Обстановка не менялась после его смерти. Полина Кондратьевна обожает его память, хотя, говоря между нами, он был большой шалун и mauvais sujet… Например, хотя бы эти зеркала… Или эти картины… Посмотрите…
Адель отдернула один из чехлов. Марья Ивановна взглянула и потупилась, заливаясь румянцем: картина изображала сатира и нимфу поведения совершенно нескромного. Адель хохотала.
— Согласитесь, что такую прелесть нельзя держать на виду.
— И все, которые закрыты, такие? — спросила Маша.
— Все. Это был вкус покойного генерала. Когда-нибудь приходите днем, — я вам покажу… Есть шедевры… Даже Рубенс… Только Полине Кондратьевне не говорите: она ненавидит, чтобы их открывали, говорит, что мерзость…
— Я бы на ее месте просто велела вынести их на чердак…
— А, милая, говорю же вам: она боготворит память мужа… В квартире — вот уже пятнадцать лет — не тронута с места ни одна его вещь… Да к тому же и жаль: иные полотна чудно хороши, за них плачены тысячи рублей. Вот, например… Адель отдернула и другой чехол: Леда и лебедь…
— Это из мифологии, знаете, — смеясь, пояснила она.
Маша знала. Вещь была действительно художественная, чуть ли не майковской кисти. Любопытство преодолело стыд.
Маша посмотрела картину, конфузясь, краснея, с угрызением совести, но и с любопытством.
— Тут Фрина с невольницей… Тут Пазифая… — быстро отдергивала и сейчас же задергивала полотна Адель, так что они едва успевали сверкнуть в глазах Маши обилием нагого тела и странными позами. — Это рубенсова семья сатиров… Все очень пикантно… Да вы заходите завтра днем… Часа в два… Полины Кондратьевны не будет дома: поедет с визитами… Я вам все покажу. Только ей — молчок, а то мне достанется.
Она призадумалась как бы с некоторой нерешительностью и вдруг хитро подмигнула.
— А, впрочем, я и сейчас еще покажу вам что-то интересное. Что же я все забавляю вас старьем? Перейдемте в будуар, — увидите новую живопись: чудесный Константин Маковский… Это уже приобретение… заказ самой Полины Кондратьевны и, конечно, ничего неприличного… так, — очень художественное ню…

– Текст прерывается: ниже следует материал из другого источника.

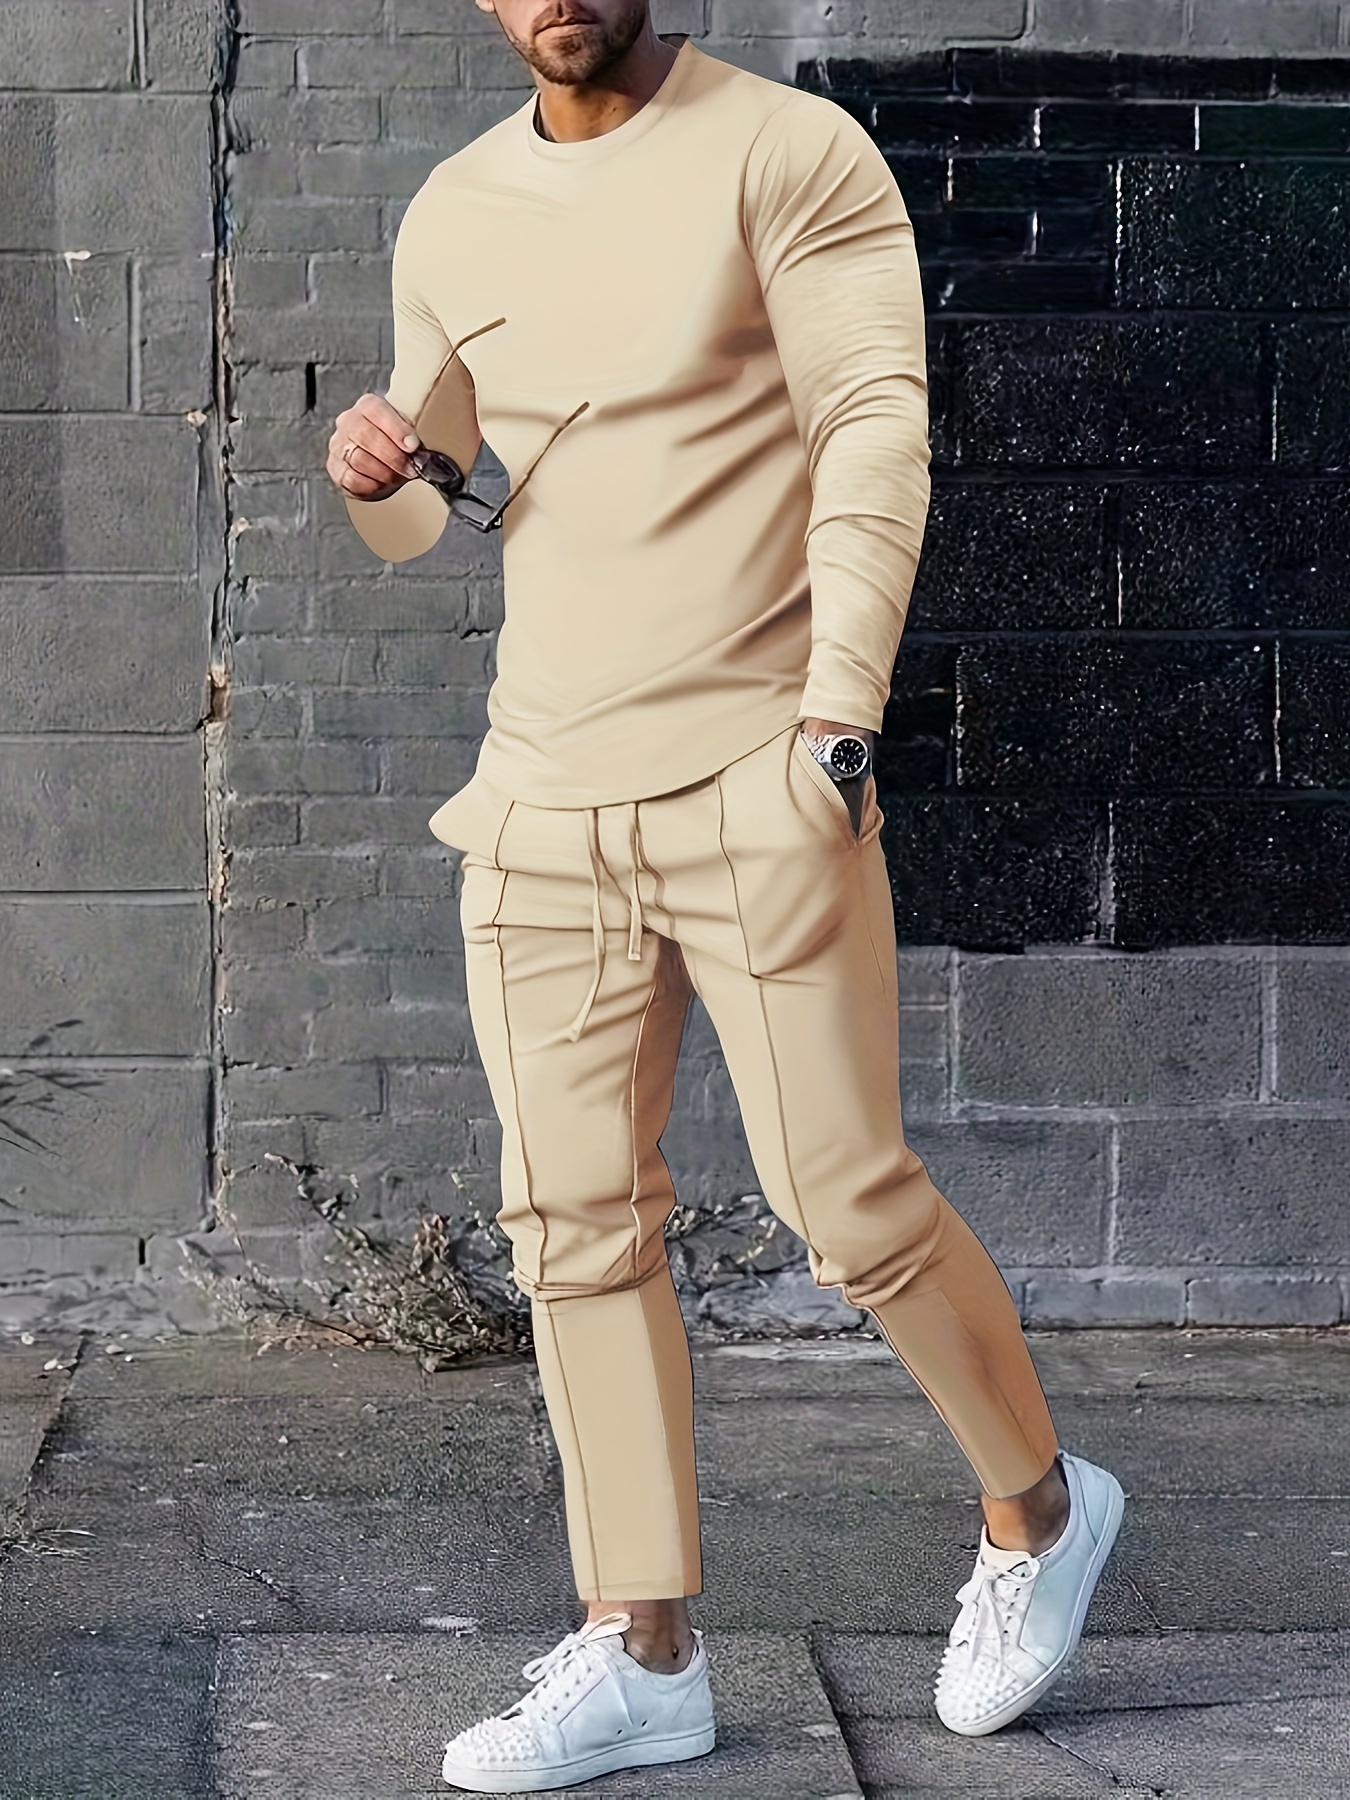 Mens 2 Piece Outfits, Comfy Long Sleeve T-shirt And Casual Drawstring Pants  Set For Autumn, Men's Clothing, Shop Now For Limited-time Deals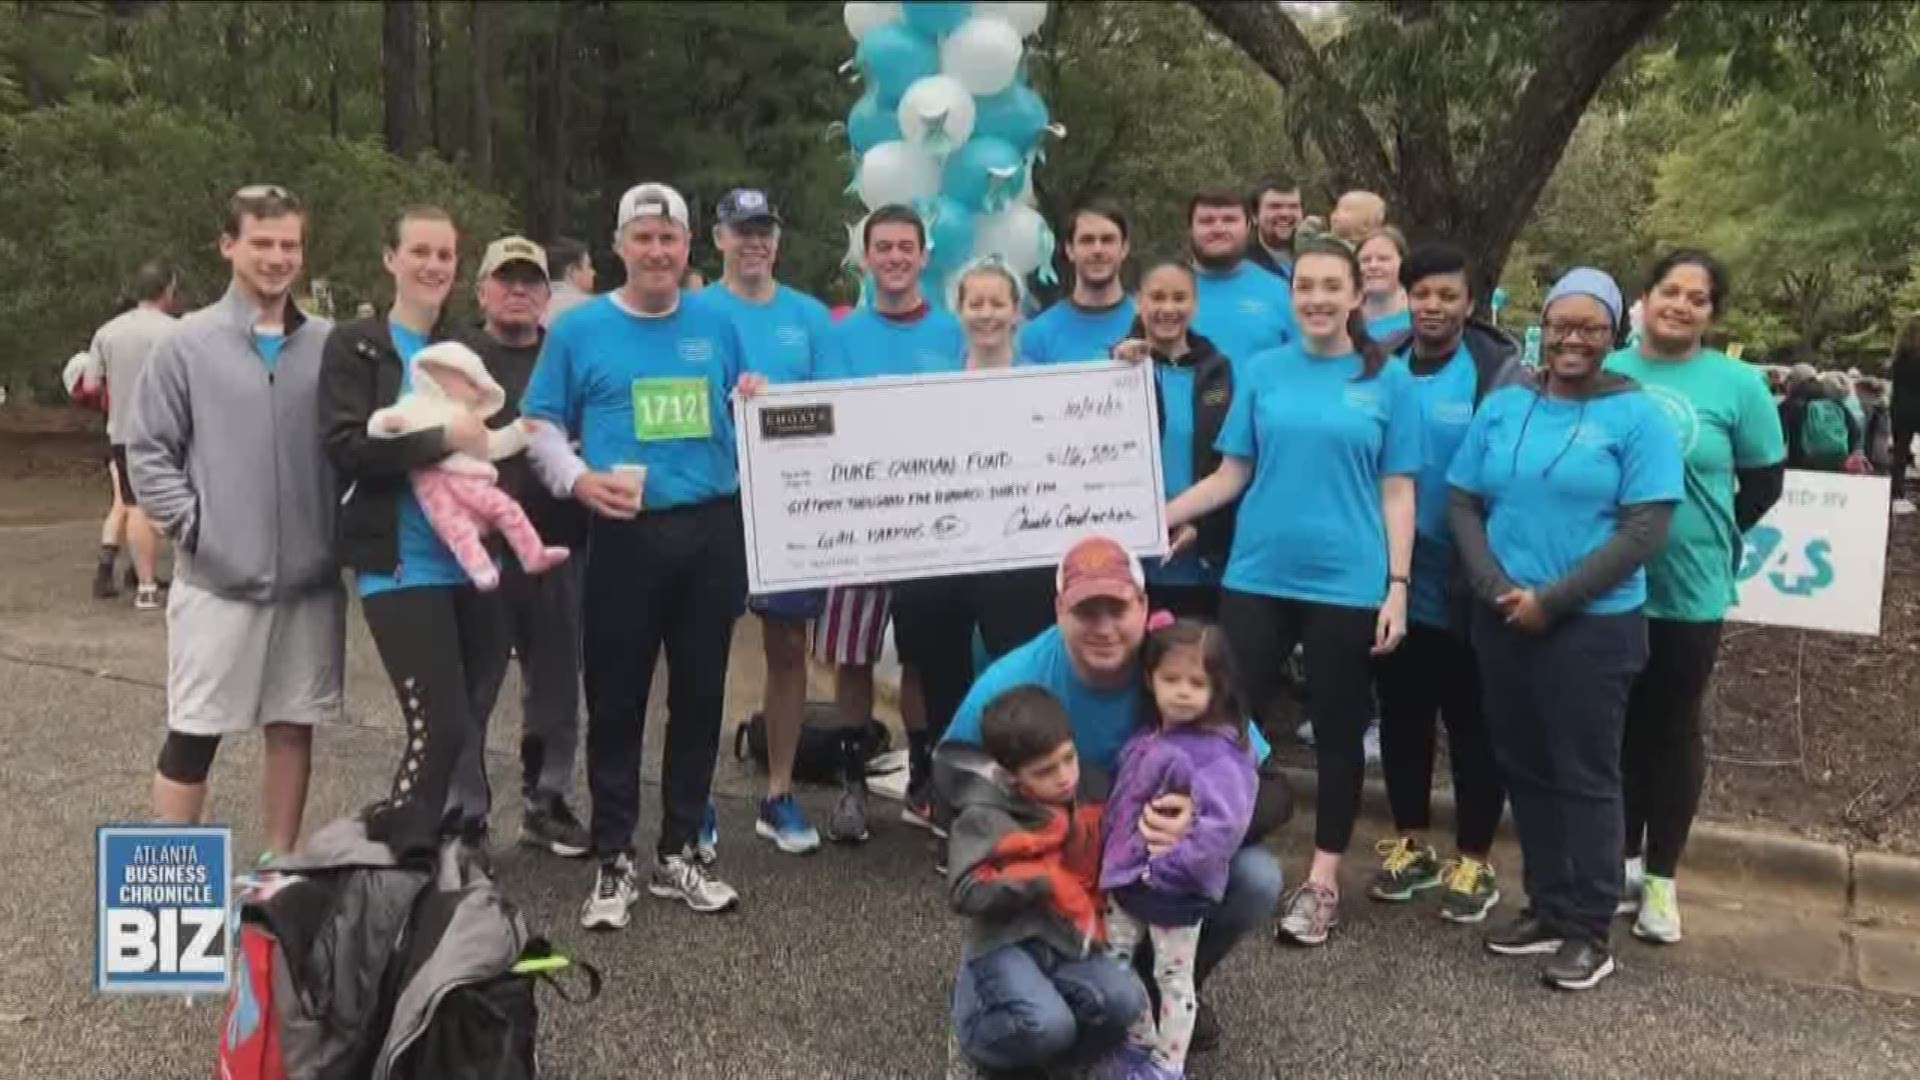 See how Choate Construction gives back to our community on The Extra Mile, brought to you by goBeyondProfit.

Картина, действительно превосходная, изображала нагую женщину, стоящую во весь рост, в позе Венеры Медицейской. Но золотые волосы ее не были убраны «а ля грек», как у бессмертного образца, но, распущенные по плечам и спине, катились волнами именно уже «рейнского золота» ниже колен. Маша Лусьева смыслила кое-что в живописи. Она сразу распознала, что это — портрет, и ахнула в изумленном восторге:
— Какая красавица. Кто такая?
Адель, с улыбкой странного самодовольства, назвала:
— Евгения Александровна Мюнхенова. Слыхали?
— Нет.
Адель высоко подняла черные брови.
— Не слыхали про Женю Мюнхенову?
— Никогда не слыхала.
— Ну, Мари, вы, должно быть, не в Петербурге живете, а в какой-нибудь медвежьей берлоге… Впрочем… вам который год?
— С прошлой недели пошел девятнадцатый.
— Ага! Значит, когда Женя блистала в Петербурге, вы были еще совсем маленькая девчурка. Ведь это около десяти лет тому назад. Уж седьмой год, что ее нет в России…
— Она… артистка была?
— Н-н-н-е-ет… — протянула Адель, — не совсем… Ее, знаете, безумно любил великий князь…
Названное имя заставило Машу, верноподданную обожательницу царской фамилии, округлить глаза новым изумлением, почтительным почти до страха.
— Как же это, Адель Александровна? — робко возразила она, — ведь он женатый и у них дети взрослые?
Адель рассмеялась.
— Ах вы… наивность! Как будто женатые не влюбляются! Что же им, под венцом, глаза, что ли, выкалывают, чтобы не видали больше женской красоты?.. Великий князь человек с развитым эстетическим вкусом… А согласитесь, что между Женей Мюнхеновой и этой жирной немецкой принцессой, его супругой, есть маленькая разница не в пользу законной толстухи…
— Еще бы! еще бы! — подтвердила Маша, восторженно вглядываясь в красавицу, которая, гордой победительницей, чуть улыбалась ей с полотна. — Господи, как хороша! Просто невероятно, до чего хороша!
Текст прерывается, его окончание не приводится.